Con il tempo molti istituti penitenziari si sono attrezzati di “aree verdi” e seppure importantissime e necessarie non risolvono la continuità del contatto tra detenuto e familiari. Quando le persone conoscono meglio certi passaggi “carcerari” diventano più disposte all’ascolto e alla comprensione, divengono meno critiche nei confronti di chi ha sbagliato e sta scontando la giusta condanna, si pongono in maniera costruttiva e possibilista.
Il carcere è fatto per gli essere umani e deve rimanere una parentesi personale e dolorosa, ma sempre una parentesi. Utilizzare in maniera poco oggettiva (e, a volte, in malafede) le sofferenze altrui per catapultarle nella quotidianità è un errore terribile e inutile.
Se un ex detenuto cerca un lavoro e ha davvero voglia, oltre che necessità, che senso ha inserire nel curriculum “è stato in carcere?”. Questo voler attribuire la patente di “criminale” ad un autore di reato anche quando la pena è estinta innesca un processo in grado di trasformare l’autore di un reato in un delinquente cronico, detenuto per sempre, anche oltre il carcere.

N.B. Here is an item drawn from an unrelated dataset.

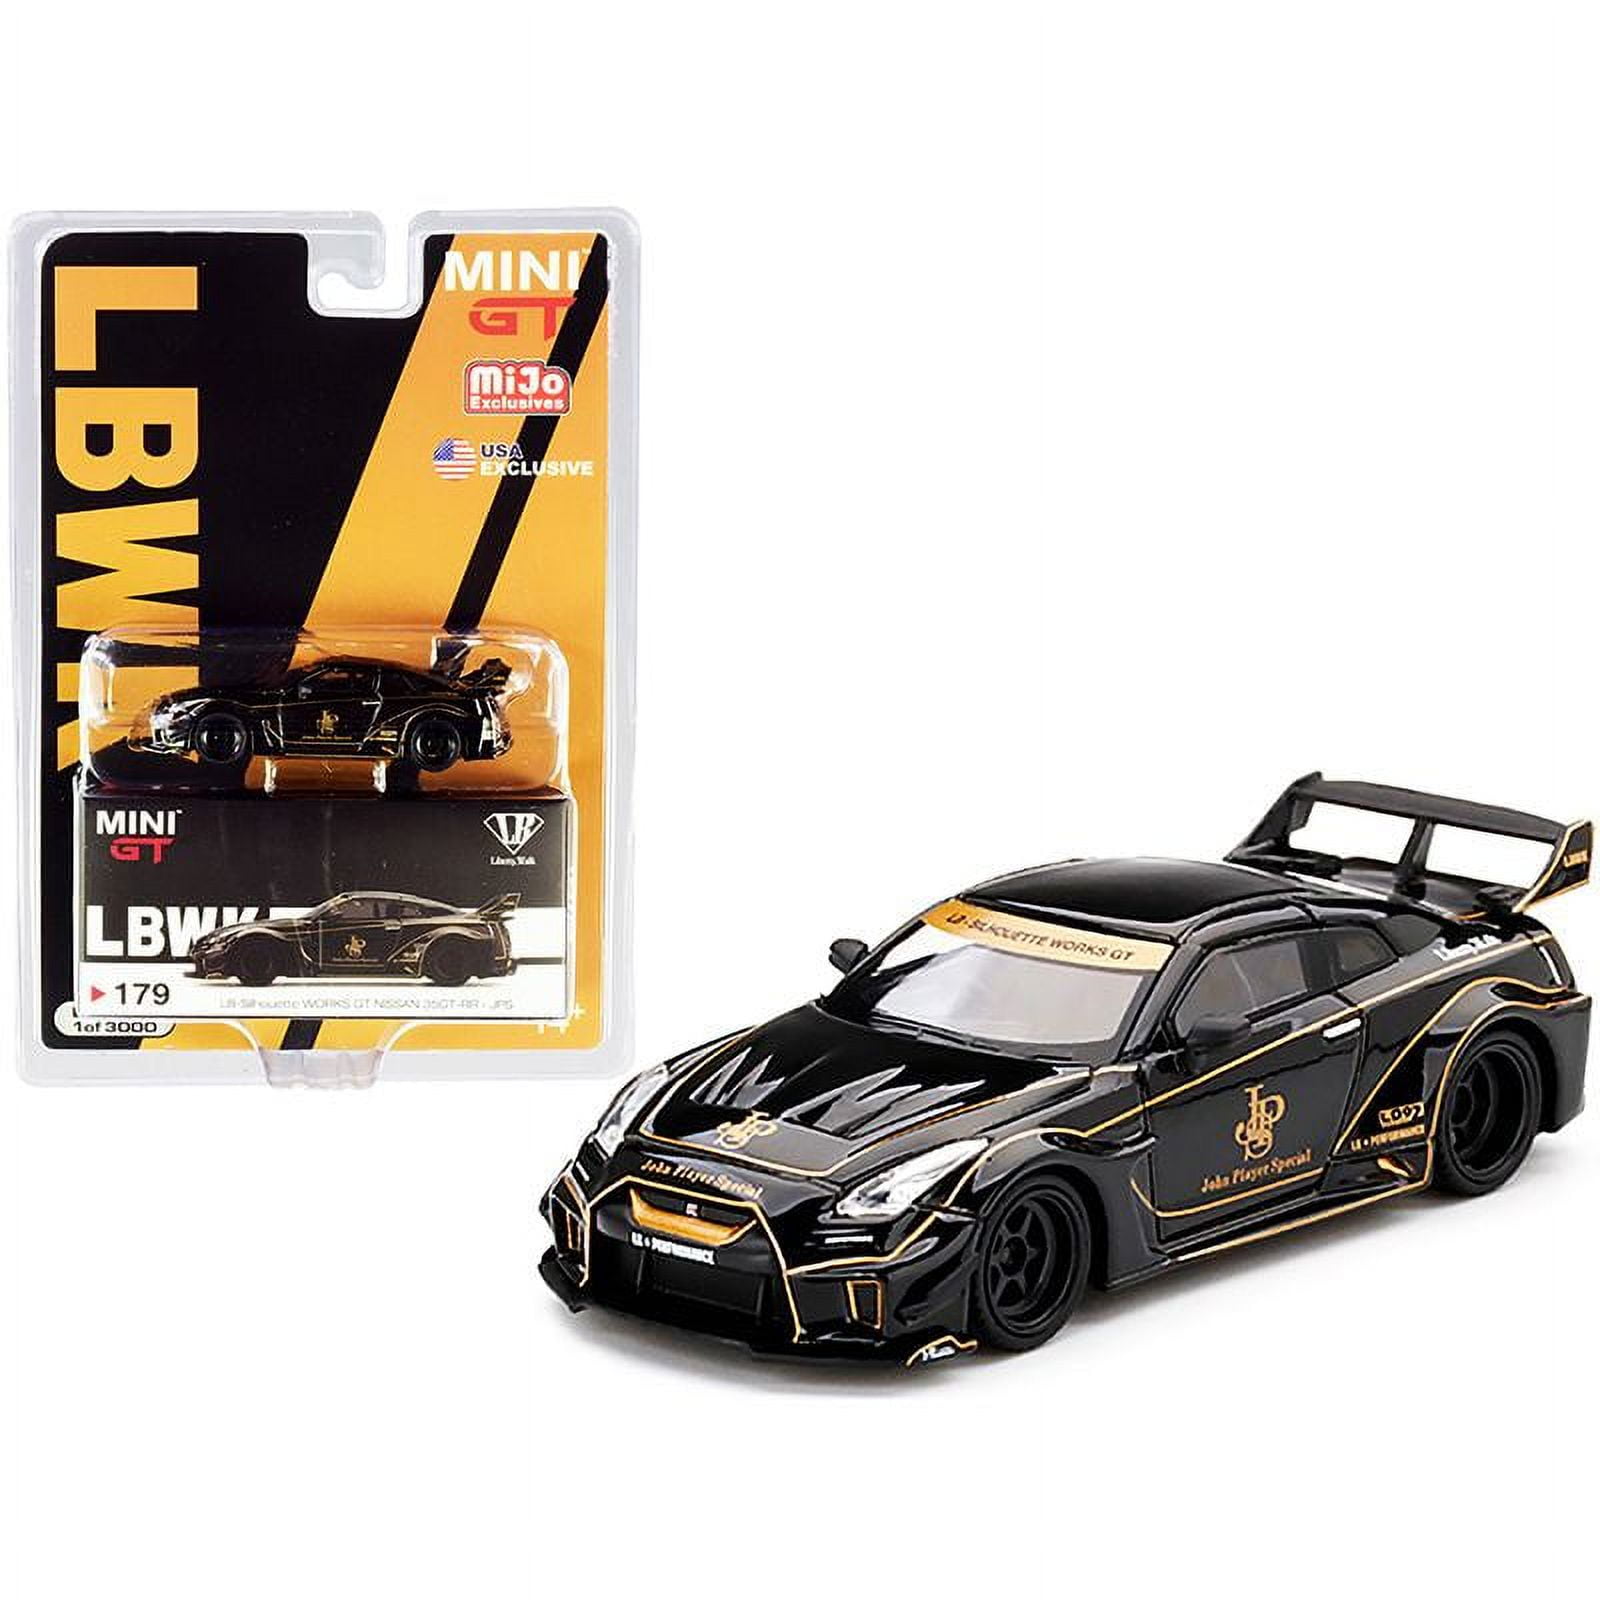 Nissan 35GT-RR Ver. 1 LB-Silhouette WORKS GT Black with Gold Stripes JPS  (John Players Special) Limited Edition to 3000 pieces Worldwide 1/64  Diecast 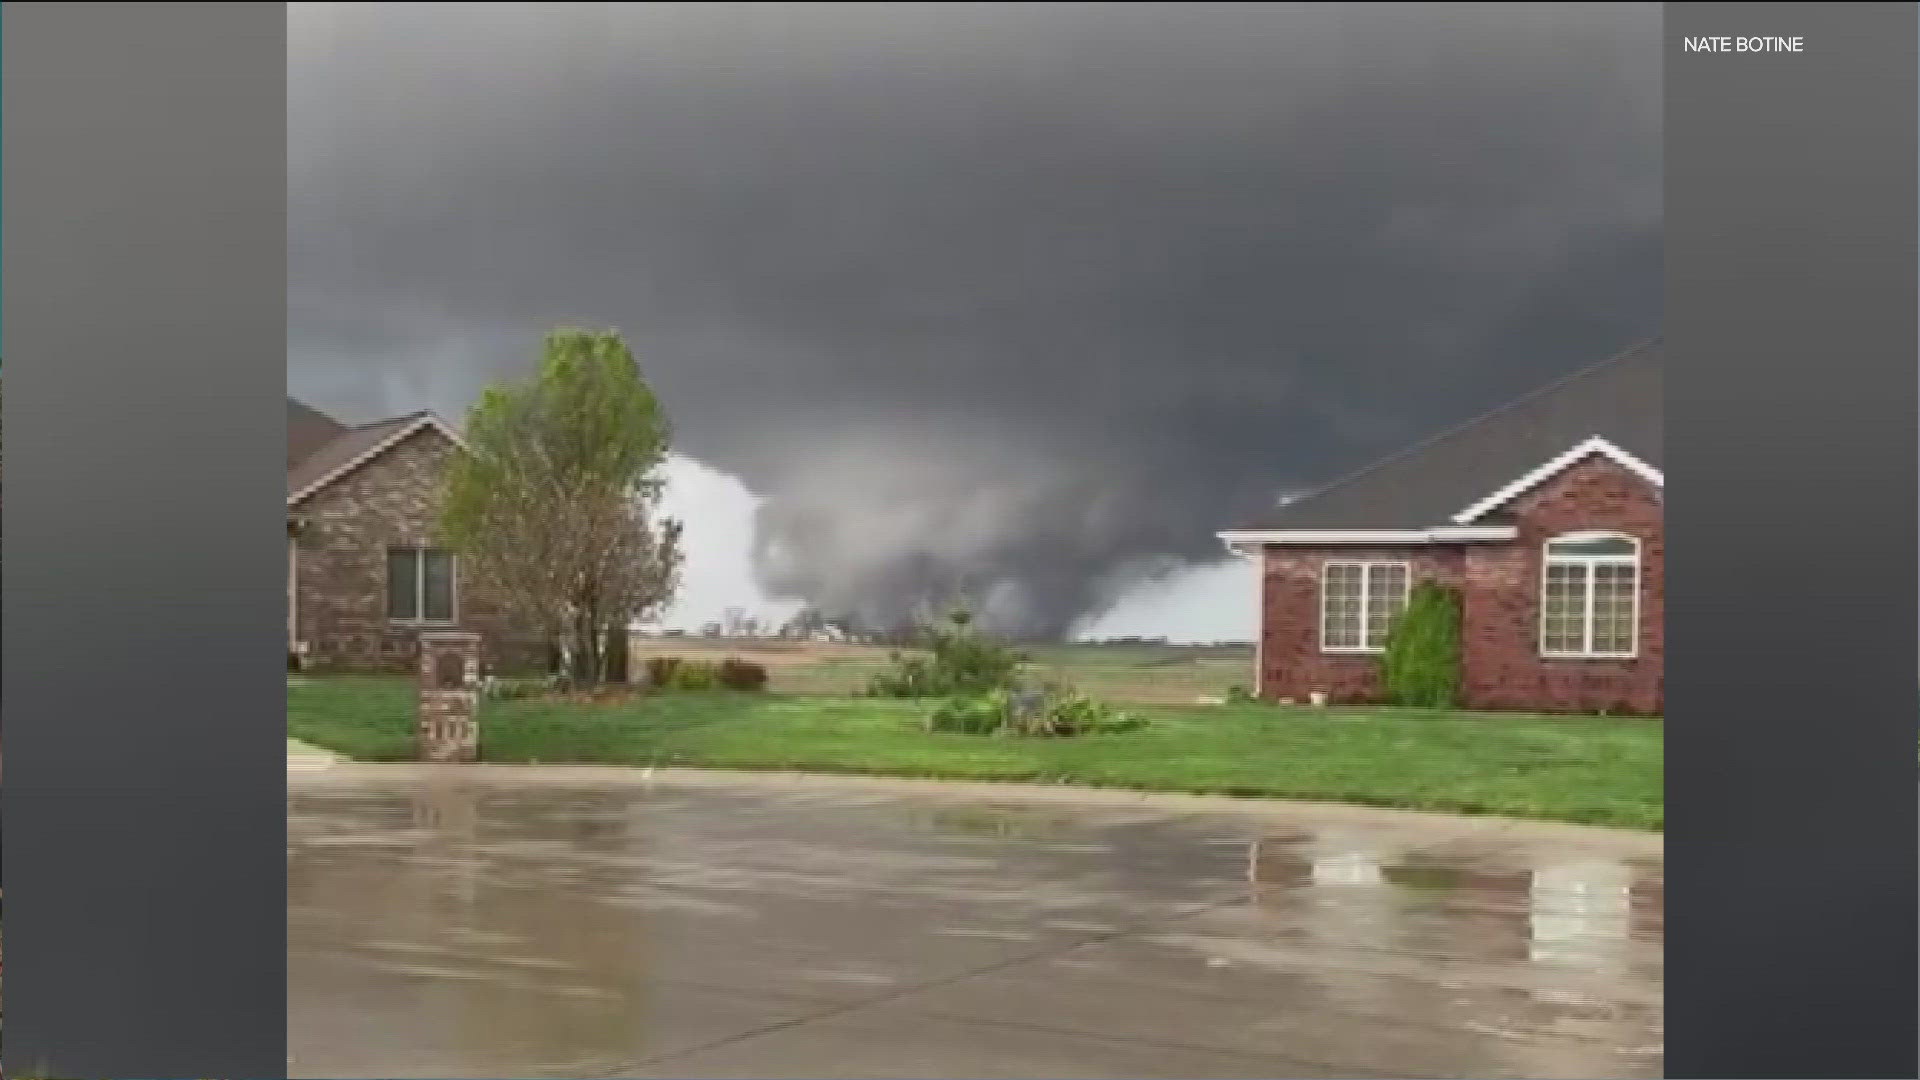 On Friday, the severe storms were spotted about 90 minutes outside of Des Moines, Iowa.

Il padre di Giorgia Meloni ha commesso un reato, ha subito una condanna e ha espiato la sua pena. Non sappiamo neppure dove e in che modo ha incontrato il carcere. Non sappiamo come è riuscito a ritornare all’interno della società. Sappiamo che ha abbandonato la moglie, non ha avuto più contatti con i figli e ha fatto delle scelte che non includevano la propria famiglia. Non è importante comprendere se questo sia giusto o sbagliato perché sono scelte personali: dolorose, sedimentate negli anni, difficile da comprendere in poco tempo. Sappiamo però che quella famiglia (e, quindi, qualunque famiglia che abbia avuto esperienza con il carcere) ha dovuto fare i conti con una realtà complessa; si è dovuta ridisegnare gli spazi sociali, ha provato a condurre un’esistenza diversa tenendo conto delle scelte della controparte. Quella famiglia ha il diritto di essere giudicata non perché non ha avuto più contatti con il padre ma per le sue esperienze successive. Speculare su questo è indicibile, frutto di quel voler a tutti i costi trovare qualcosa nei confronti del potente o famoso di turno e offuscarne l’immagine.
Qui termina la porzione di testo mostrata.